Васька с презрением смотрит на меня, плюет себе под ноги, изрекает:
— В чугунщики!.. Ну и дурак! Папашка говорит, что на заводе одни лодыри чистотелые работают, а в шахте — молодцы, кто ни черта, ни бога, ни смерти, ни самого Шубина не боится. Я в шахтеры...
Я молчу. Вспоминаю давние, полузабытые рассказы дедушки Никанора о Шубине — шахтном домовом. Он рогатый, на четырех ногах. В лохматой шкуре. Глаза горят. Где появляется Шубин, там непременно быть завалу, выпалу, крови, смерти. Забой, оскверненный Шубиным, закрещенный забой: ни один шахтер не пойдет туда работать ни по своей, ни по чужой воле.
— А здесь есть Шубин ? — спрашиваю я у Васьки и со страхом вглядываюсь в темные, холодные и сырые углы рудничного двора.

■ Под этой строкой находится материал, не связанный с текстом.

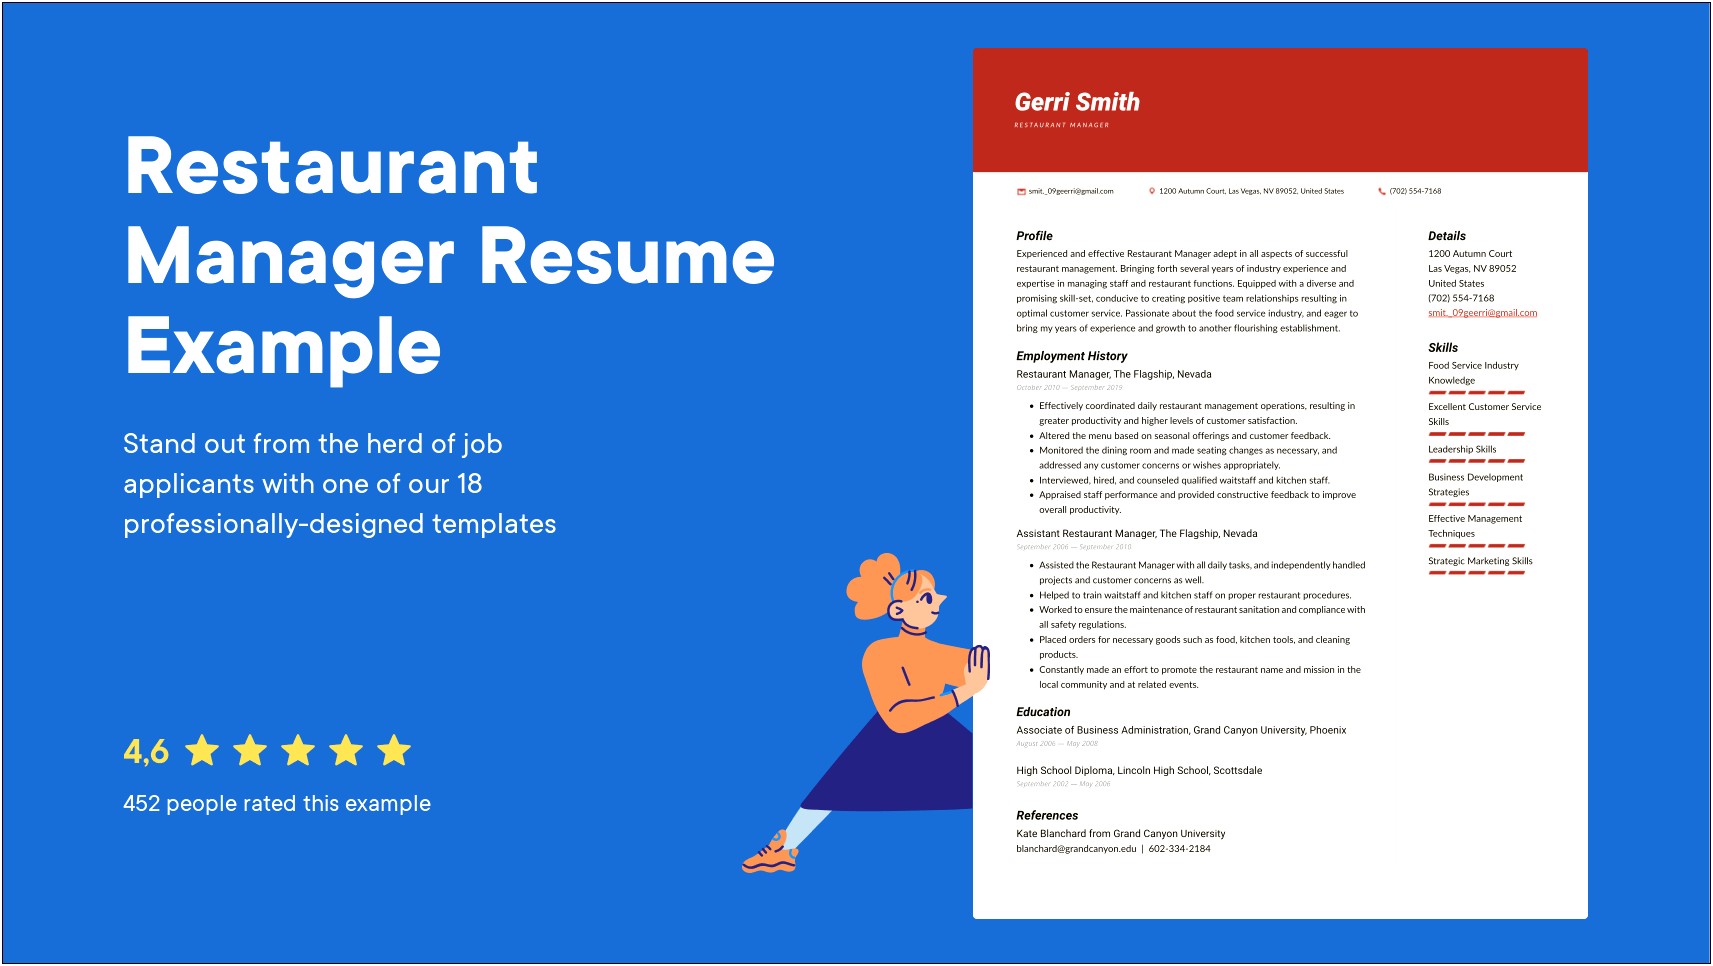 Resume For Manager At Restaurant

— Как же! На каждой шахте есть свой Шубин. До поры до времени он отлеживается в старой выработке, лапу сосет и ждет, пока какой-нибудь дурак выведет его из терпения.
— Из какого терпения ?
— Не знаешь?.. Значит, тебе дед Никанор ничего не рассказывает?
Мне не хочется давать дедушку в обиду, и я говорю:
— Не успел он рассказать про это... Про все рассказал, а про терпение не успел. Рассказал бы, Вась.
Васька не ломается, не заставляет себя долго просить.
— Мой папашка видел Шубина и говорил с ним...
— Видел и говорил?!
— Было это зимой, на рождестве... Папашка сидит в забое, сосет из мерзавчика водку, заедает цибулей... Выдул весь шкалик до дна, взялся за обушок, замахнулся, а ударить в пласт не успел... слышит за спиной голос: «Стой, Коваль!..» Оборачивается и видит рогатую морду, шкуру седую, глаза огненные... Папашка выронил из рук обушок, обмер. А шкура рогатая человеческим языком долдонит: «Я Шубин, шахтерский бог. Слыхал?» Папашка лопочет: «Слыхал, слыхал!.. Чего изволите, господин шахтерский бог?!» Бог подумал-подумал и сказал: «Бери обушок и уходи отсюдова. Уходи и помни: еще раз выпьешь в шахте зелья проклятого, удушу тебя, вонючего, в завале. Удушу и детей твоих, не пожалею. На-гора пей хоть в три горла, а тут, в моем царстве-государстве — ни-ни, ни единой капли не смей...» С тех пор папашка всегда в шахту спускается тверезый... Понял теперь, что такое терпение Шубина?